Es claro que se busca proteger a las empresas, subrayó porque además en donde se hizo la declaratoria de reserva de la biosfera como en Santa Cruz del rincón en 2011, se incluye un cuadro de actividades prohibidas para los comuneros pero no para las empresas.
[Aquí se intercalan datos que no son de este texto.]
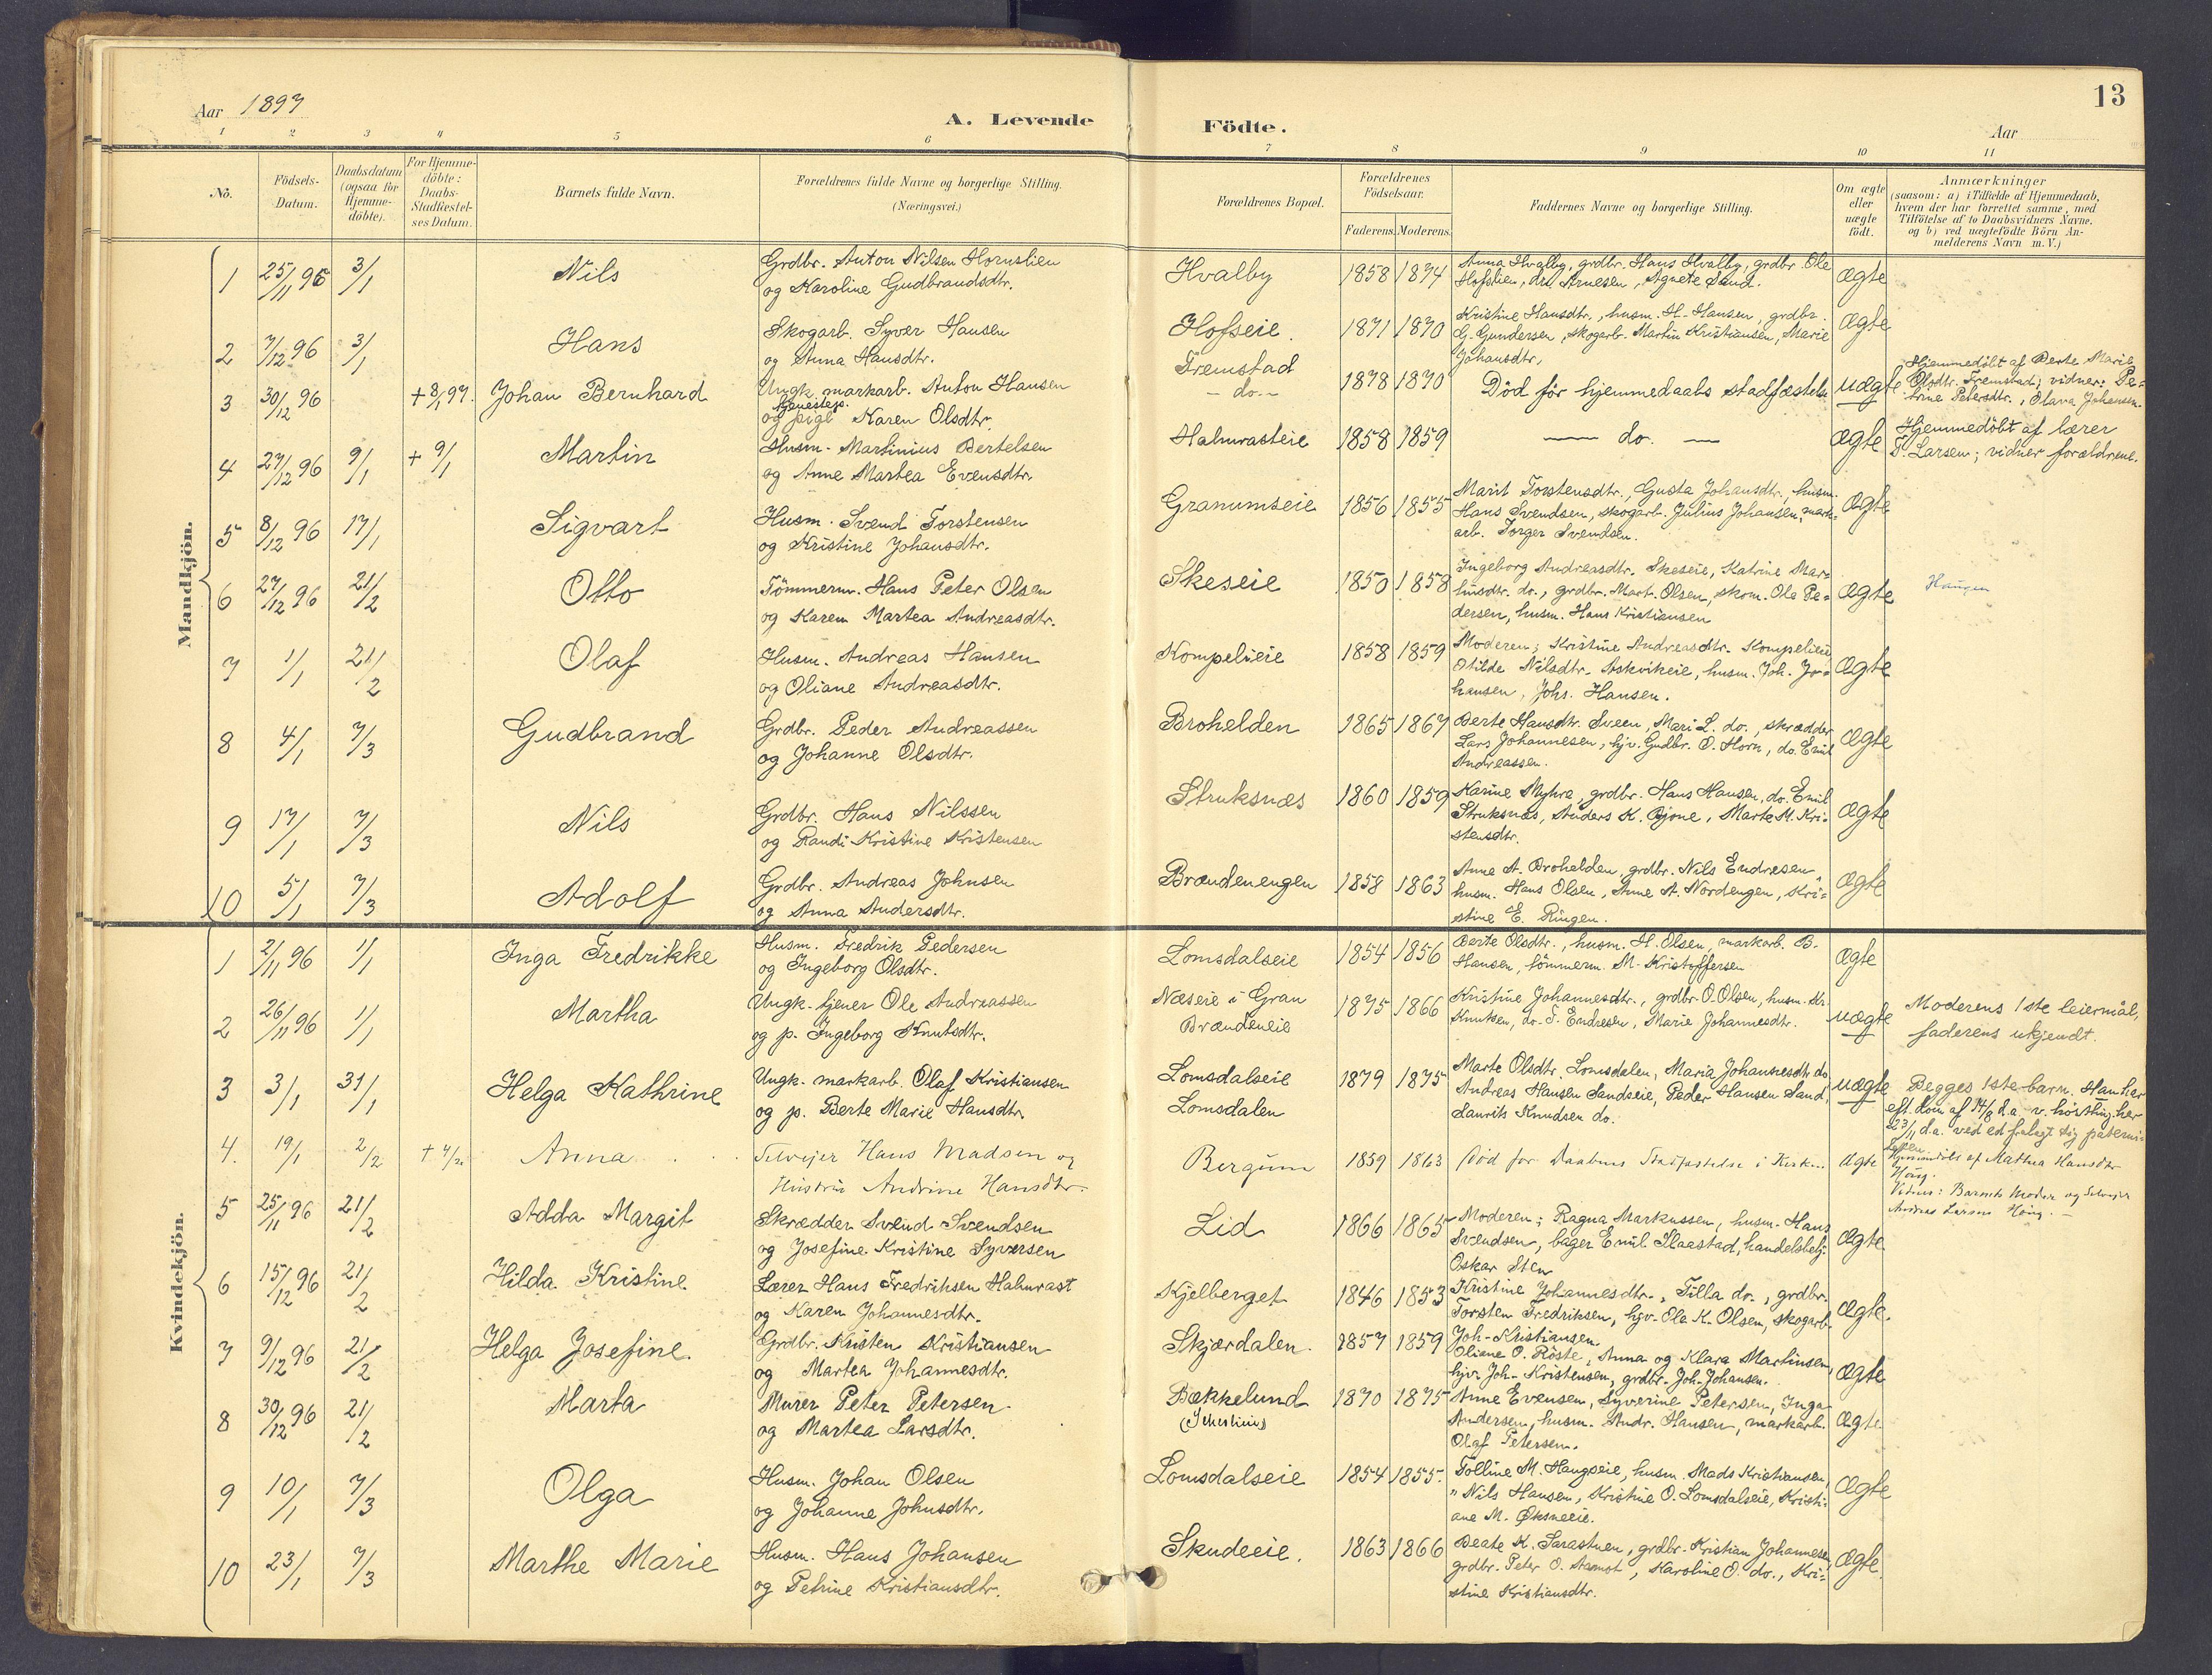 SAH, Søndre Land prestekontor, K/L0006: Ministerialbok nr. 6, 1895-1904, s. 13

«Nos quitan la mayor parte de nuestras áreas de cultivo, no nos dejan entrar ni sacar leña y el comisariado debe acompañar a los científicos a hacer estudios pero la gente tiene en esa zona su café, su ganado, por eso la asamblea de comuneros ordenó al comisariado el rechazo de ese proyecto y que se lleve al RAN, pero éste contestó que carece de fondo y forma porque ya se dio cuenta que en la mayoría de las poblaciones no pasa». Santa Cruz del rincón lleva tres actas rechazadas en el RAN de Guerrero, en total son de 18 a 20 núcleos agrarios los que han enviado actas al RAN, indicó.
Los autoridades integrantes del Consejo provienen de municipios como Atlamajalcingo del Monte, Malinaltepec, Iliatenco, San Luis Acatlán, Metlatonoc, Zapotitlán Tablas, Cochoapa el Grande, Tlacoapa, Tlapa, Acatepec y parte del de Ayutla de los Libres.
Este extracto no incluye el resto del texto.